Sinon, "Réparation des autorisations" avec l'utilitaire de disque suffit largement pour retrouver la réactivité...


----------



## Powerdom (16 Mars 2005)

pas de soucis particulier avec mon 17 par contre pour les soucis de de lenteur j'ai l'impression que plus je fais des mise a jour system, plus je rame.. j'abandonne a la 10.3.7, ayant lu de mauvais post sur la 8


----------



## geoffrey (16 Mars 2005)

la 10.3.8 est meilleure que la 10.3.7...


----------



## fredtravers (16 Mars 2005)

ici RAS avec la 10.3.8 alu 17 ....  par contre je n'ai pas vu de différence ??????


----------



## ThiGre (16 Mars 2005)

fredtravers a dit:
			
		

> ici RAS avec la 10.3.8 alu 17 ....  par contre je n'ai pas vu de différence ??????



Moi si,

- 10.3.8 sur une vieille 10.3.2 (mise à jour régulièrement) et au bout d'un moment ça rame
- 10.3.8 sur une 10.3.7 "neuve" direct du DVD et tout marche impec
et ceci sur la même machine avec le même utilisateur


----------



## Sinkha (16 Mars 2005)

Moi je fais toutes les mises à jour que Apple propose et je n'ai aucun problème.


----------



## Dies irae (17 Mars 2005)

bonjour a toutes et a tous,

je viens de recevoir mon premier Mac, apres des annees d attente, je me suis enfin decide a changer de camp... j ai choisi un powerbook 17'' 1.67ghz 1Go de ram.. ca fait deux semaine que je l ai, premiere prise de contact avec le system osx.. vraiment different de windows!

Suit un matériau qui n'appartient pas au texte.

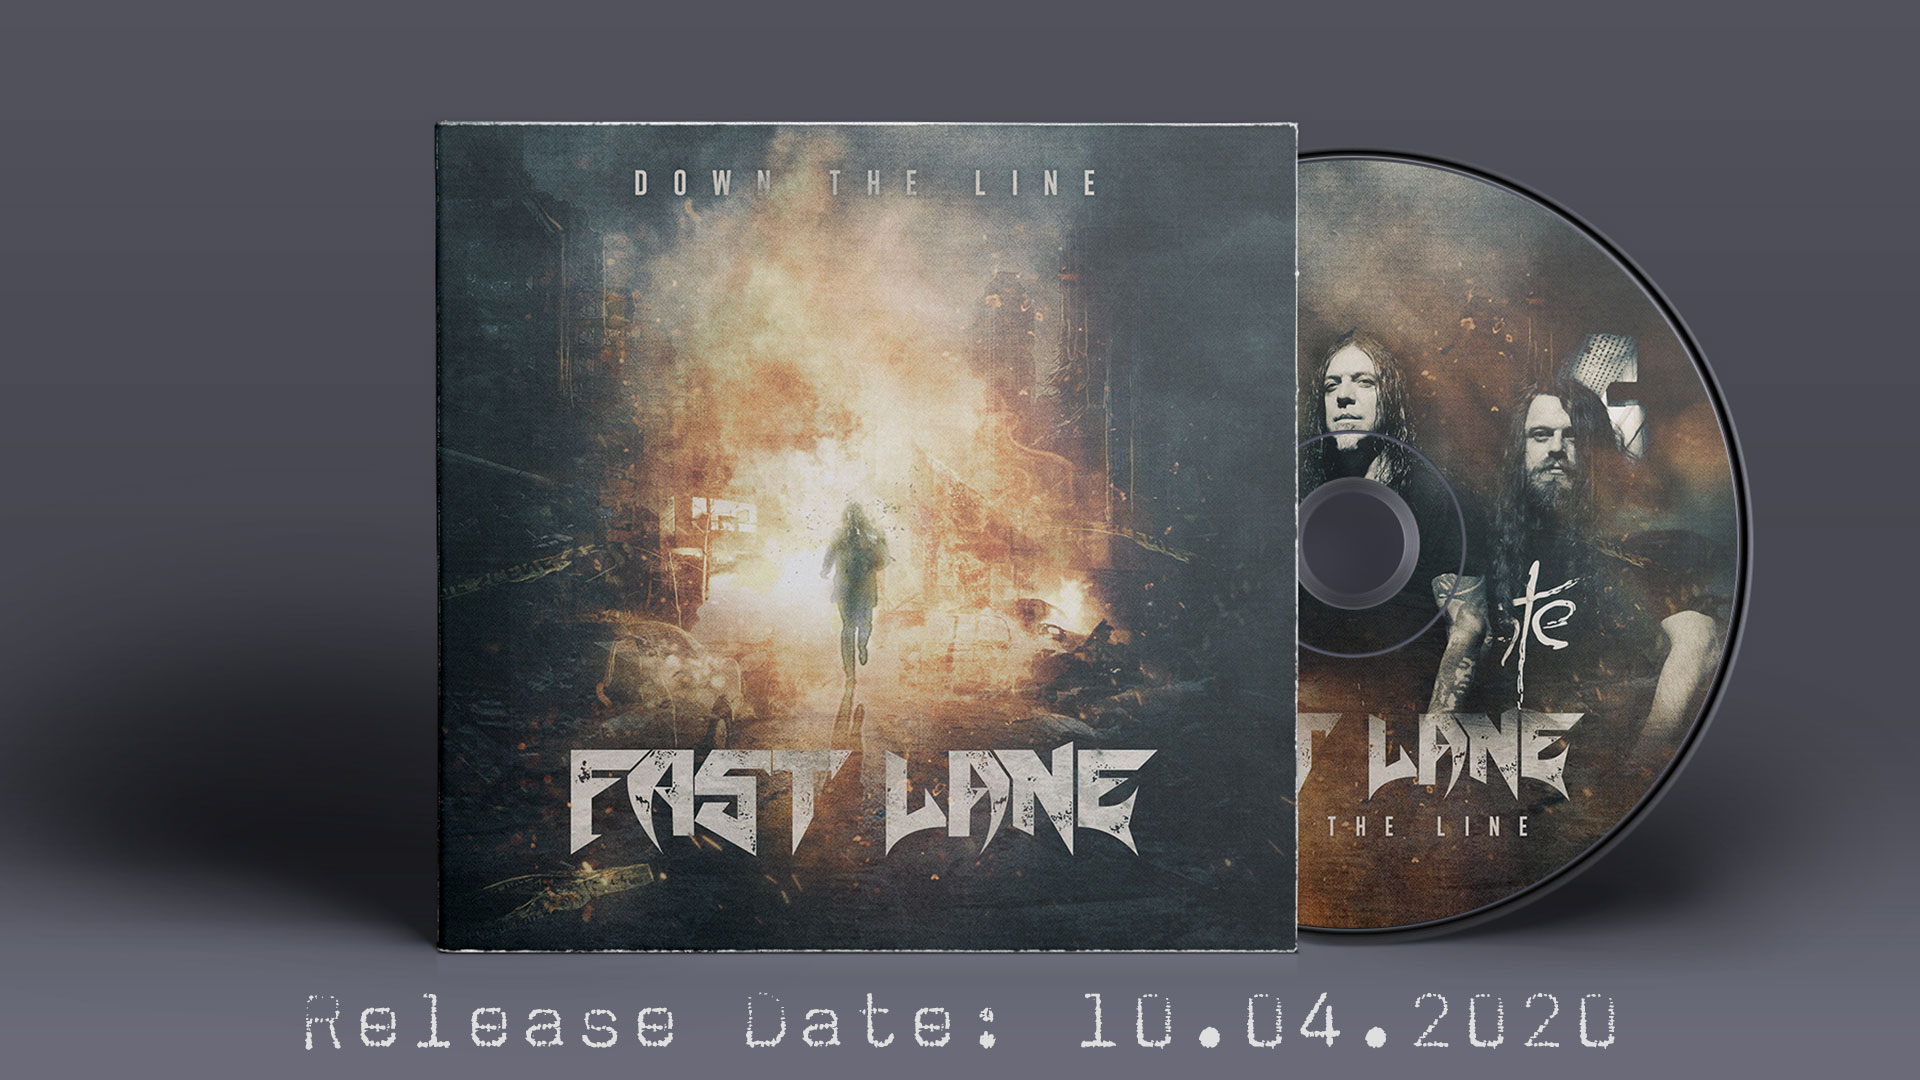 Fast Lane - new single “Down The Line” out 10.04.2020!
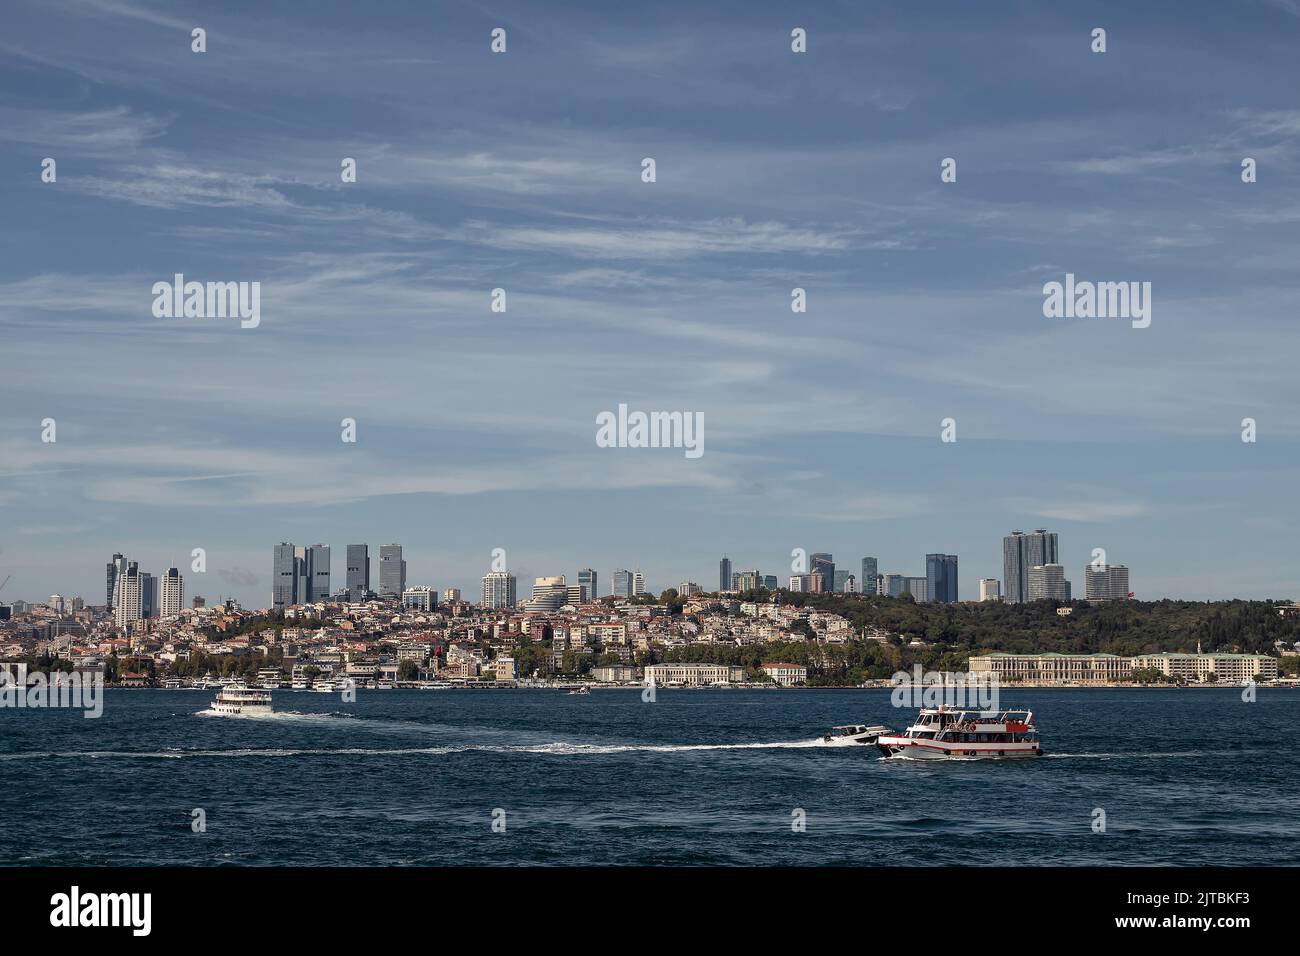 View of tour boats on Bosphorus and European side of Istanbul. It is a sunny summer day. Stock Photo

j ai choisi un portable a cause de mon job qui m amene souvent a voyager, a montrer des travaux a des clients qui n ont pas forcement de pc, enfin d ordi, donc une machine nomade me convenait.. 
pq un mac? bien ca fait des annees que je m interesse a la communautee mac, mais faute de moyens, je n ai jamais voulu change de machines.. 

maintenant c est chose faite, par contre c est la que je fait appel a vous tous, aidez moi dans mes premiers pas sur cette machine et ce systeme d exploitation.. 
pr le moment j attend la suite adobe avec impatience..

j ai deja qlqs questions.. :
esxiste t il le programme zip pr mac?
un ami a achete un ibook en allemagne, comment faire pr changer la langue?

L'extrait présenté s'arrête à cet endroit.